8 steps to develop your coffee palate

October 16th, 2009

This post is really for coffee consumers who want to develop their palates, which leads to coffee becoming more enjoyable.

I had been in coffee well over a year before I really began to develop my vocabulary and descriptive skills, and that is probably more embarrassing as I had done some work in wine beforehand.

What does the coffee professional have access to, that the consumer doesn’t, that allows them to progress so fast?  It isn’t cupping bowls, or spoons.  It isn’t scoresheets, or large amounts of data about where the coffee is from.  It is regular opportunities for comparative tasting.

I know I just said that it wasn’t about cupping bowls and spoons, though most industry tasting is through the cupping process.  I strongly believe that the rituals and practices of cupping and were not created with the primary goal of tasting the coffee better.  Most of cupping’s routine is about searching for potential defect, looking for consistency, and trying to discern as much about the raw material as possible before purchase.  It isn’t a better way to develop your palate.  Where the cupper gains a quiet advantage is by going through a process of focused, conscious tasting.  You can do this at home very easily, though before you begin I’d advise you to watch Tom Owens’ video on Drinking Vs Tasting.  After that it is pretty simple:

1).  Buy two very different coffees. It doesn’t hurt to ask your local roaster/shop for guidance on this.

2).  Buy two small french presses. As small as you can get really.

3).  Brew two small cups of each coffee.  You could obviously do this with bigger presses and bigger cups, but I hate the idea of wasting good coffee or promoting overconsumption.

4).  Let them cool a little bit. It is much easier to discern the flavours when coffee has cooled a little bit.

5).  Start to taste them alternately. Take a couple of sips of one coffee before moving on.  Start to think about how the coffee tastes compared to the other.  Without a point of reference this is incredibly difficult.

6).  Focus on textures first.  To start with focus on things like the mouthfeel of the two coffees.  Does one feel heavier than the other?  Is one sweeter than the other?  Does one have a cleaner acidity than the other?

7).  Don’t read the labels as you taste.  Instead note down a handful of words about each coffee.  When you are done compare what you have to the roaster’s descriptions.  Can you see now what they are trying to communicate about the coffee?

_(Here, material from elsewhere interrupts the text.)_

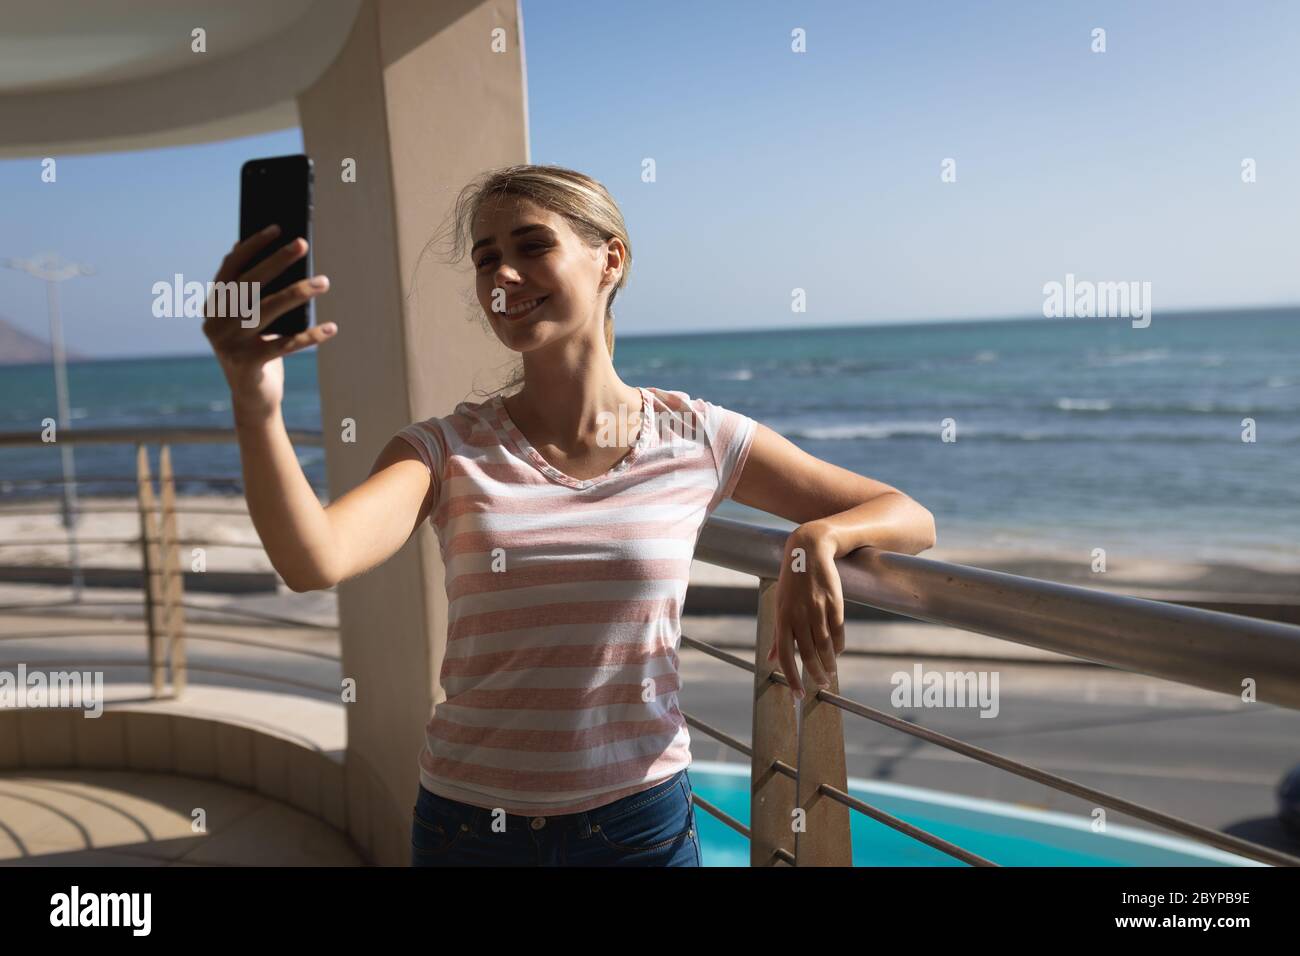 Caucasian woman standing on a balcony holding a smartphone and taking a selfie Stock Photo
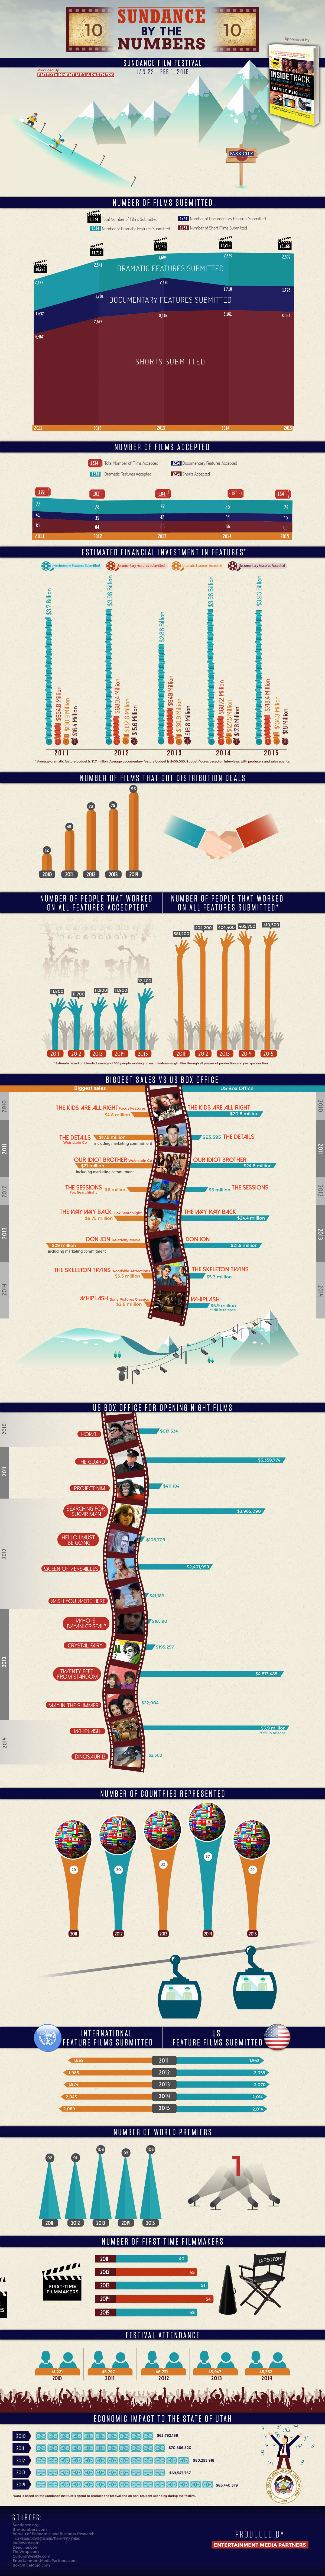 Sundance 2015 Infographic Produced by Entertainment Media Partners for Cultural Weekly. Sponsored by 'Inside Track for Independent Filmmakers,' available now.

8).  Don’t worry about flavours. ‘Worry’ is the key word here.  Flavours are the most intimidating part of tasting, as well as the most frustrating.  Roasters use flavours not only to describe particular notes – such as “nutty” or “floral” – but also to convey a wide range of sensations.  Describing a coffee as having “ripe apple” notes also communicates expectations of sweetness and acidity. If you do identify individual flavours – great!  Note it down!  If not then don’t worry.  Any words or phrases that describe what you are tasting qualify as being useful – random words or flavours.

Often upon reading the label you’ll have your frustration relieved as you find the word to describe what you tasted that you just couldn’t pull out from the back of your brain.  It suddenly seems so obvious!  This is part of building a coffee specific vocabulary of flavours – aromas and tastes that you initially find out of context in coffee become what I describe as “coffee versions of…”.

I can’t stress enough how important the comparative part of this is.  Tasting one coffee at a time means that you can focus all you want, but without something to compare it too you are working based on your memory of previous coffee which is unfortunately patchy, flawed and innaccurate.

How often should you do this?  Whenever you get the chance and have some time to relax and enjoy coffee.  Soon you’ll find describing coffees gets easier and easier, though this is something even industry veterans still work on.

One final note on comparative tasting:  The context, unfortunately, remains everything.  Even the best coffee tasters in the world – let’s take Cup of Excellence judges as an example – cannot score coffees accurately outside of context.  A jury member might score a coffee in El Salvador 92, then score a coffee in Guatemala 93.  These are not comparable scores, because the context of those scores has changed so much.  Within the individual competitions those scores matter, but outside they don’t.